### DATASET CONTENT
=-=-=

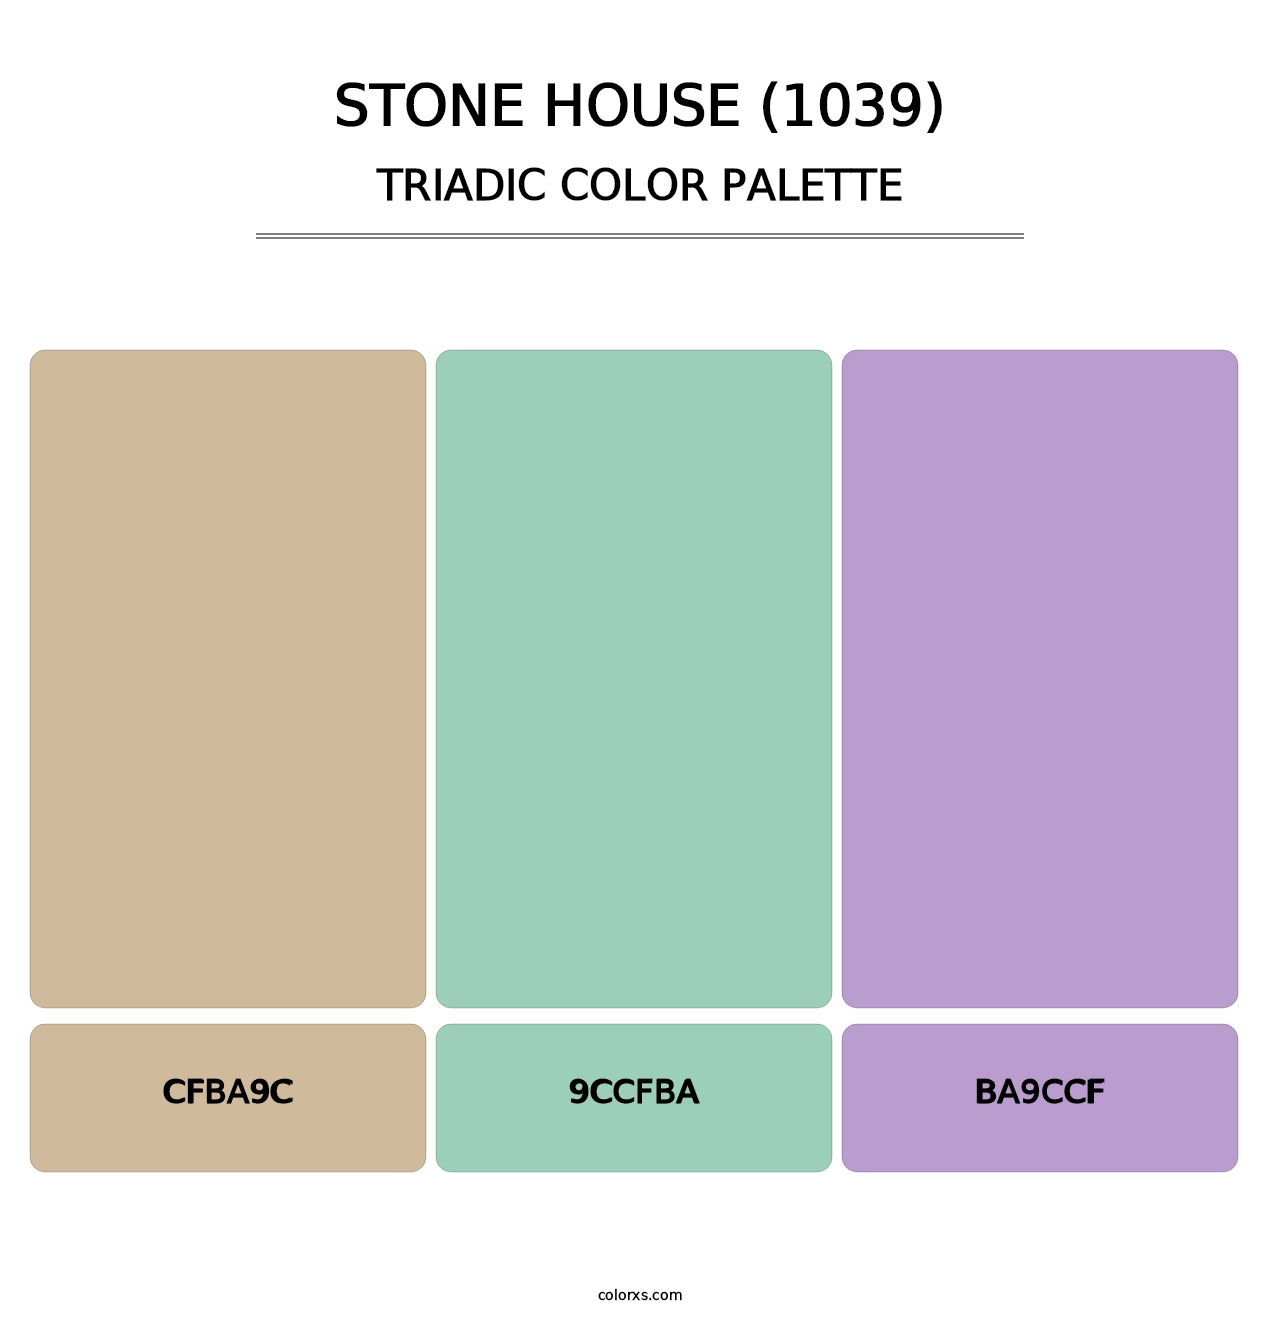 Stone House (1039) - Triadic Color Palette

=-=-=

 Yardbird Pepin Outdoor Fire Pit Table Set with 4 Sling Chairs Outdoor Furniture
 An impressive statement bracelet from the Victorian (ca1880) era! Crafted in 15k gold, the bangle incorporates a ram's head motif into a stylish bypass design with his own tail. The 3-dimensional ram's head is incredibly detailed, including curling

=-=-=

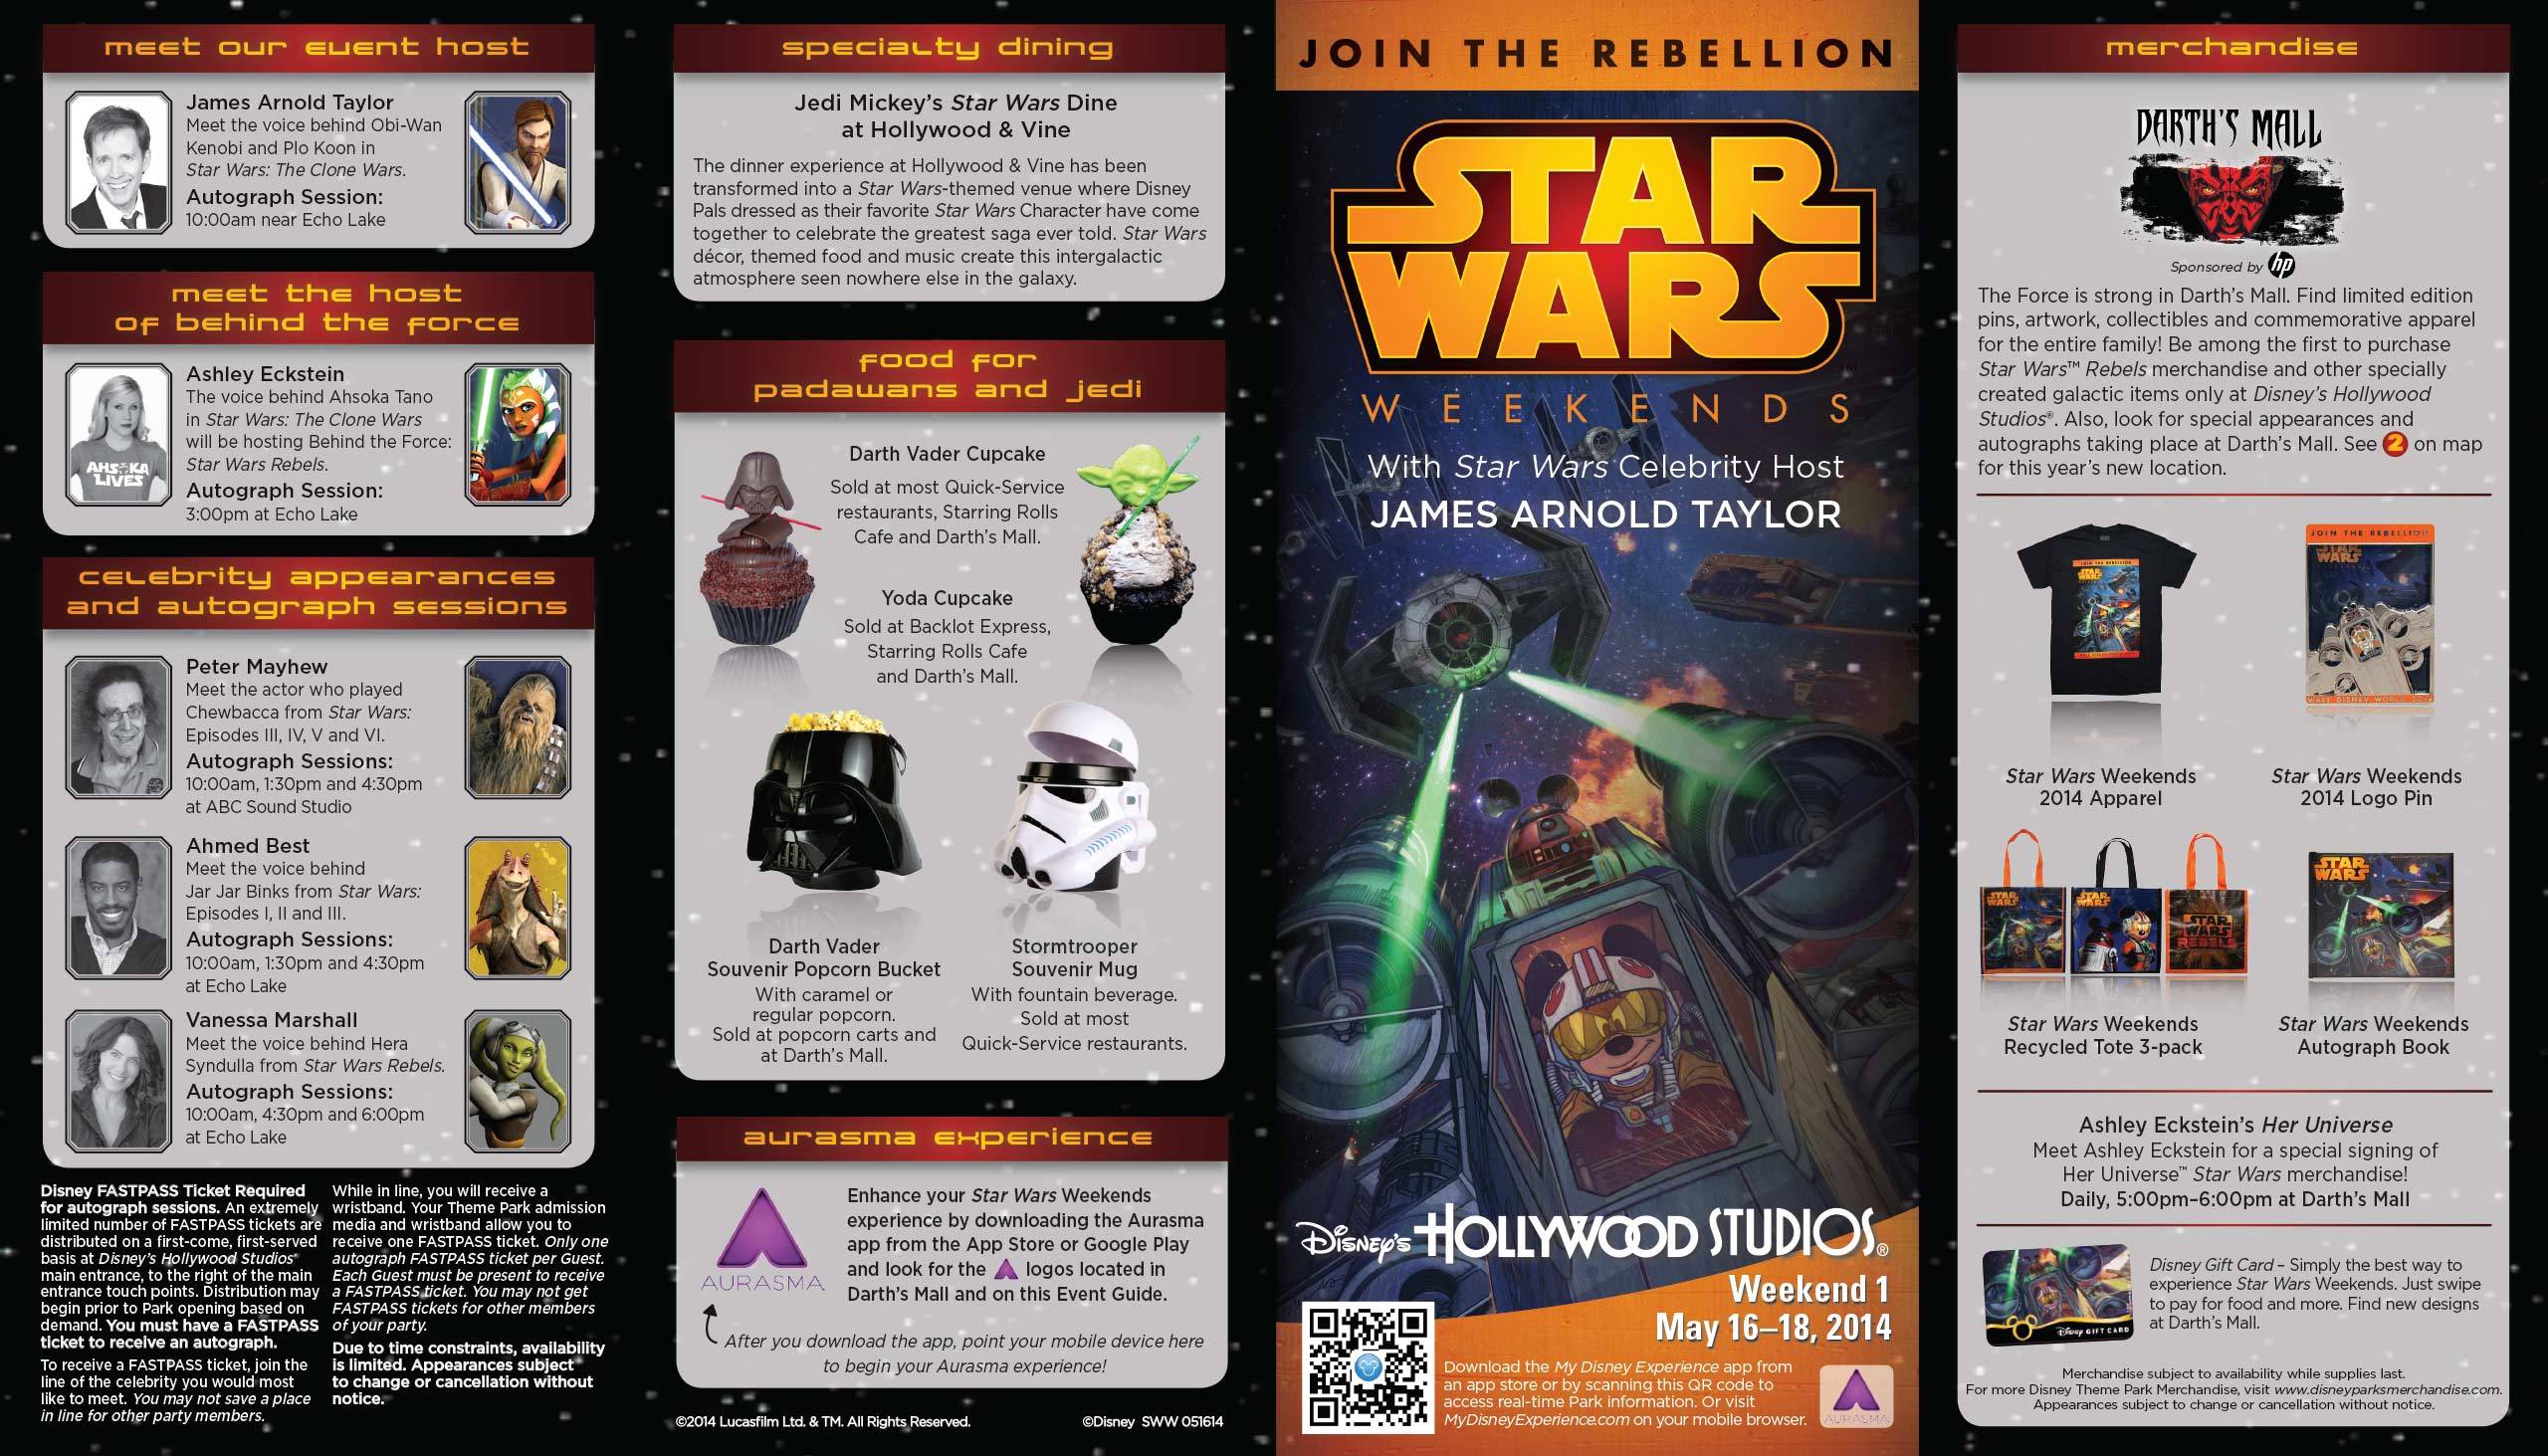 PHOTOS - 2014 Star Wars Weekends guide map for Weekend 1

=-=-=

### EXERCISE BRIEF
The line above containing "Yardbird Pepin Outdoor", the line containing "An impressive statement", and every line between them are to be transcribed exactly; no other line is wanted.

### OUTPUT FOR THIS EXERCISE
 Yardbird Pepin Outdoor Fire Pit Table Set with 4 Sling Chairs Outdoor Furniture
 An impressive statement bracelet from the Victorian (ca1880) era! Crafted in 15k gold, the bangle incorporates a ram's head motif into a stylish bypass design with his own tail. The 3-dimensional ram's head is incredibly detailed, including curling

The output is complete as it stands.